Up to here the analogy to the human being is easily recognizable: the body is his hardware, the mind is his software. And of course there is a third, the most important component: the user, who utilizes the combination of hard- and software as a tool to reach his goals, get his work done or entertain himself in his leisure time. In the case of the mind the user would be the spiritual being - in scientologese, the thetan.
While „hardware“ and „software“ are frequently heard terms, there is another term which we don’t hear very often: the term „resources“. Literally translated, that would be supplies, wealth, minerals, but also money and manpower, or generally all values to which a country, a company, a family or an individual have access, which they can exploit, and which they can use to run their household.
Resources in the computer
The most important resource in the computer is its amount of memory. That is chips which have the function of memorizing the exact details of the running programs. With the help of electrical current a virtual space is being built in the memory chips, in which the software programs can unfold their structure and spread out the user data for treatment.
If the user asks it to close, a program must first release the memory for the data which it has processed - before that, they get written to the harddisk in the form of a file -, and finally the memory which it used to keep itself running. This act of releasing the memory, which happens invisibly in the background, is most important. If it is not completed correctly, fragments of the program or its data remain in memory and and unnessecarily use up a lot of space, and after a while, the computer has not enough memory anymore to start new programs or process new data.
Resources in the mind
For us mortals, for a mind to work the first thing necessary is a working brain. The fact that we lose consciousness in accidents and during narcosis, and that effective processing can be done only when sufficient sleep and good nutrition are provided, indicates already that at least as long as we are humans, the physical “hardware” is required for the mind to function. This hardware, the brain, can be compared with the memory chips. Both need electric power - in the computer it is the energy from the power unit, while the brain is supplied with energy by the body’s metabolism (therefore the emphasis on a high quality nutrition).
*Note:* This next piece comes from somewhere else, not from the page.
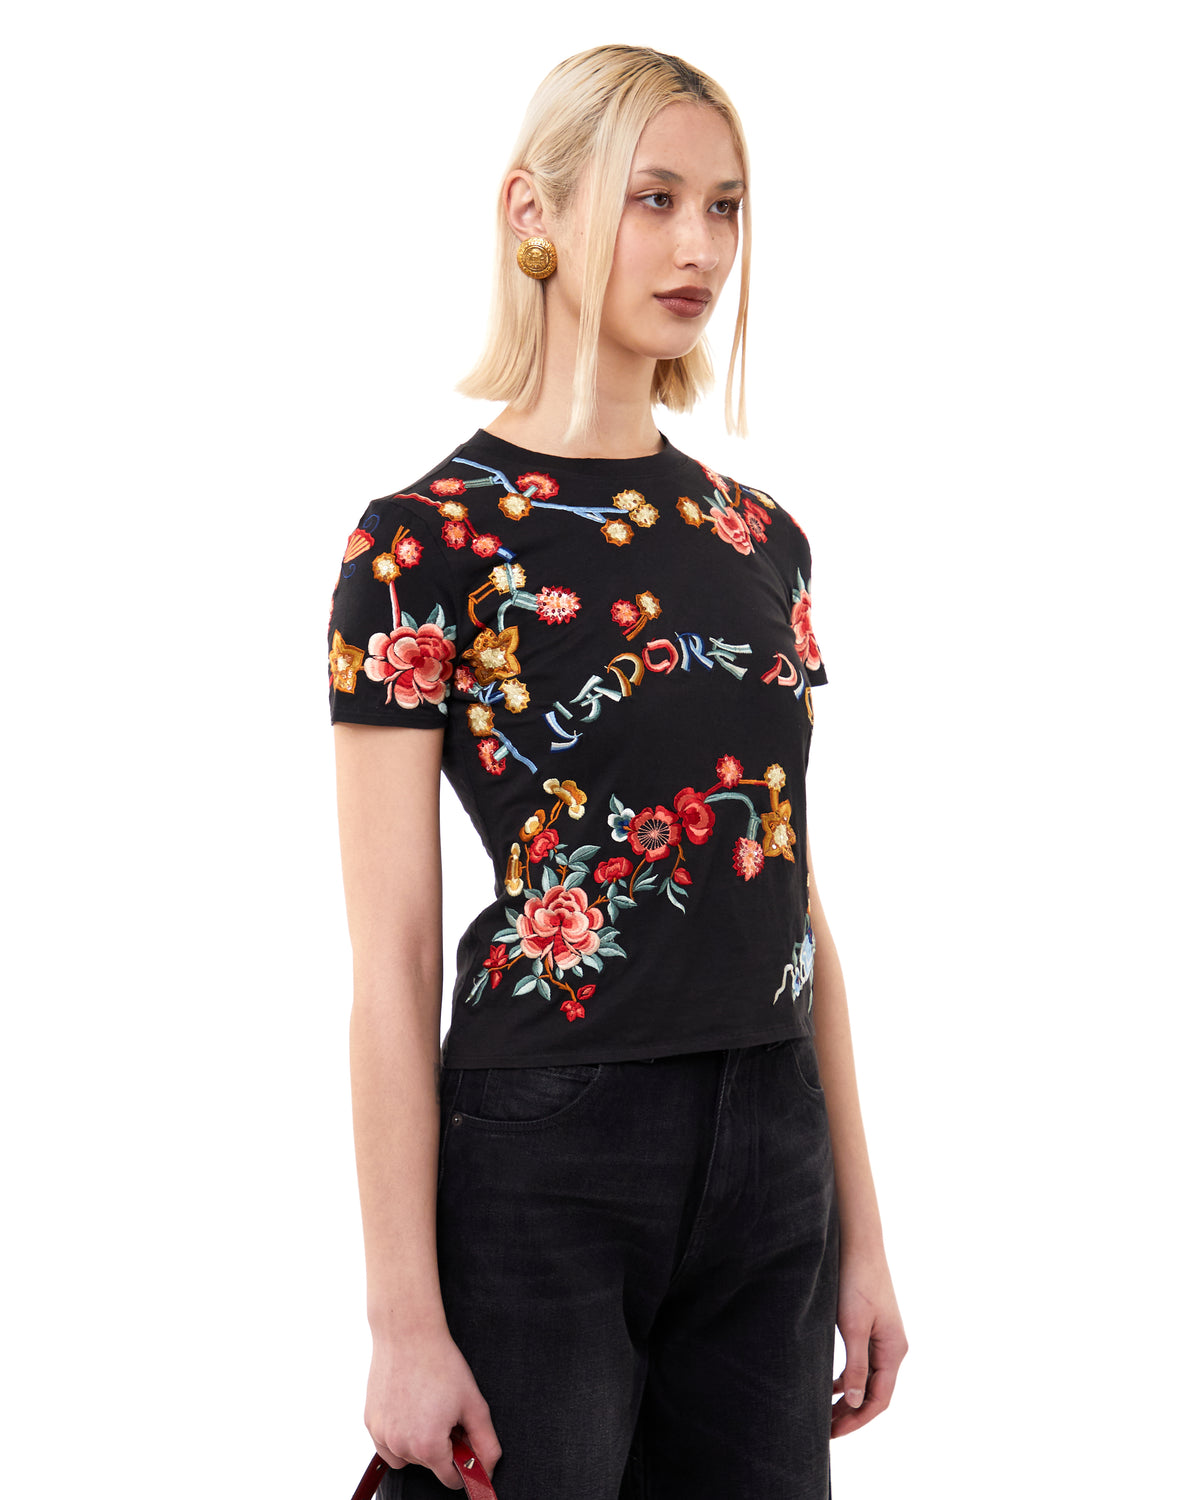 Pre-Owned Floral Embroidered J'adore Dior T-Shirt

Stored vs. loaded programs
The resources’ job is to keep the intelligence of the computer ready for use. They offer the software the space which it needs first to manage itself, and second to process user data. Programs which are stored on the harddisk are “folded, dormant intelligence”. Programs which are loaded into memory could be called “unfolded, active intelligence”.
Just like it is impossible to ride a fold-up bicycle without unfolding it first, a software program cannot work before it has been loaded into memory. The fold-up bicycle must be brought into the proper position in space, so that the feet can reach the pedals and the hands can reach the handles. The frame must be straightened, the handlebar must stand in a right angle to the frame, and the wheels must point into the same direction as the road.
The same thing happens with a program which - after it had been stored on the harddisk in a „folded“ form - now gets loaded into memory. It gets unfolded, “mounted”, its user interface is being built up and offered to the user, it is ready to work. And with the programs in the mind it is the same. They too can exist in dormant or active form, “folded” or “unfolded”.
Mental Energy
The energy which is used by the mind, can be absorbed by traumatic incidents and is then no longer available for life in its free form. The principle of traditional processing consists of freeing up the life energy which is “frozen” into traumatic incidents, to more or less “thaw” it, so that it flows again and can drive the turbines of life.
But it is not quite as simple, because it is not all about energy alone. Like a virtual space is created in the computer, in which a program can unfold, the same happens in the mind. Depending on its perceptions and the available informations, the mind builds a virtual (mental) space for every life area and for every single function within each of these life areas, in which it can “load” or unfold the previously trained programs - just like we open the fold-up bicycle and get it ready for use.
Virtual spaces
Of course the spatial circumstances in the brain and in the mind are different from those in the computer. They are also different from those in life. If we want to mount a fold-up bicycle, we move it from one place to another, while in the mind the virtual spaces remain at their original location, wherever that may be.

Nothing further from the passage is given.